I was on the brink of shutting the whole thing down and just riding out the pandemic without the stress of owning a business. I scheduled myself a month-long break in December for the sole purpose of trying to figure out what was next, and if I could even keep going with the business. I took some time to re-evaluate my goals, passions and really think about was I enjoyed about the business and what I could let go.
It was during this time that I envisioned a more self-sustaining digital platform, where I could reach even more entrepreneurs with the message that the media is accessible to everyone and that the media needs more diversity in their sources. I desperately wanted to educate and empower the underrepresented voices in our communities to step up and use their voice in the media, and I knew I could do that more effectively through online training and digital material.
I pushed through the doubt and was able to launch Pitch Class to a test cohort of 15 female entrepreneurs in the spring of 2021. The course received rave reviews and students were starting to get media coverage before the course even finished! It was at that point that I knew I was on to something special and that this was the next level I’d been searching for.
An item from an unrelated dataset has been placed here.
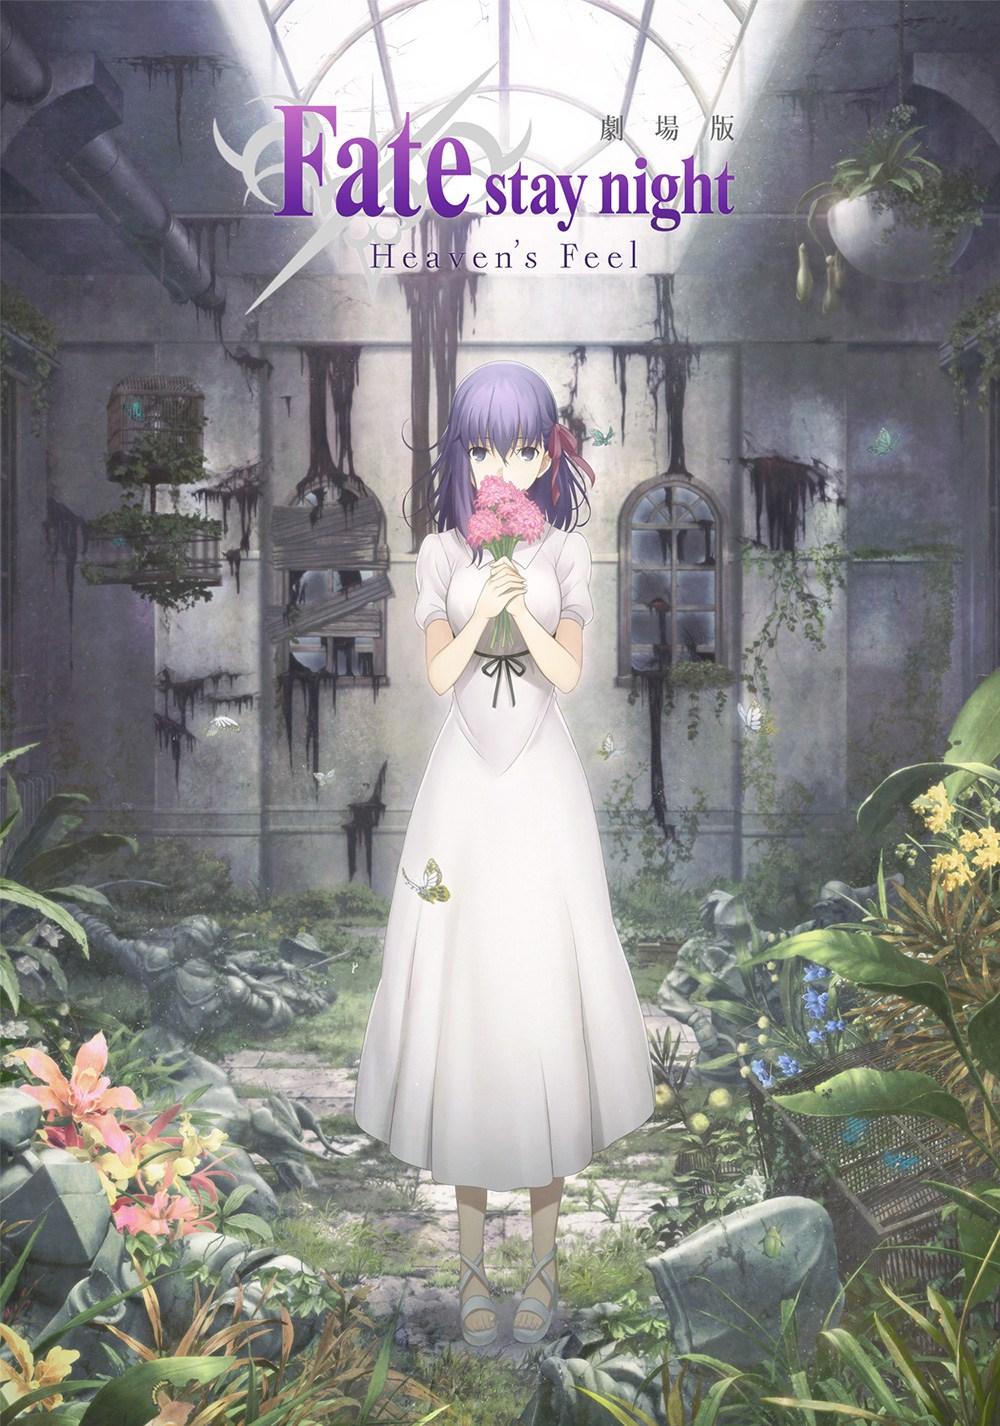 Fate-stay-night-–-Heavens-Feel-Anime-Visual

Tell us what attributes you feel make a good leader in business today?
Perseverance is a huge one! Owning a business is an emotional rollercoaster and if you’re not prepared to push through the lows, it’s almost impossible to make any real progress.
I would also say flexibility. Sometimes we have an idea of the direction our business should go, and we become stuck in the idea, even when our customers or the market is telling us we’ve missed the mark. A good leader not only adapts to changes, but oftentimes embraces the challenge, which has essentially become critical for survival over the last two years.
And also, optimism. A leader needs to feel like they’re making the right decision and that there’s always something good around the corner. If we get sucked in negativity, everyone around us will feel that energy, and it will become a self-fulfilling prophecy.
What is your favourite quote about empowerment?
That’s an easy one! “No one can make you feel inferior without your consent.” – Eleanor Roosevelt
What advice would you give to anyone wanting to start their own business?
Just do it! There’s not “perfect time” to do anything important. If you have the desire and passion, then just take the leap and figure the rest out as you go.
Also, you don’t have to do it all. Entrepreneurs, especially female entrepreneurs, sometimes have the tendency to believe we can do everything that needs to be done. This mentality can not lead to growth. Surround yourself with good people and tap into their skills and expertise, so that you can focus you energy on those elements of your business that only you can do.
What would be one (1) question you would you ask the person who most inspires you? Also share with us about this person and why they inspire you?
My dad is the person who inspires me the most, and luckily I can ask him any time I want! A long time ago, I asked him what advice he had for being successful, and he told me to take every opportunity that comes your way even if you don’t feel ready for it. You’ll figure it out! This has always stuck with me and guides a lot of my business decisions.
My dad had a very successful career in corporate leadership and has always been my biggest supporter! His strength, work ethic, humour and charisma has been an inspiration to me.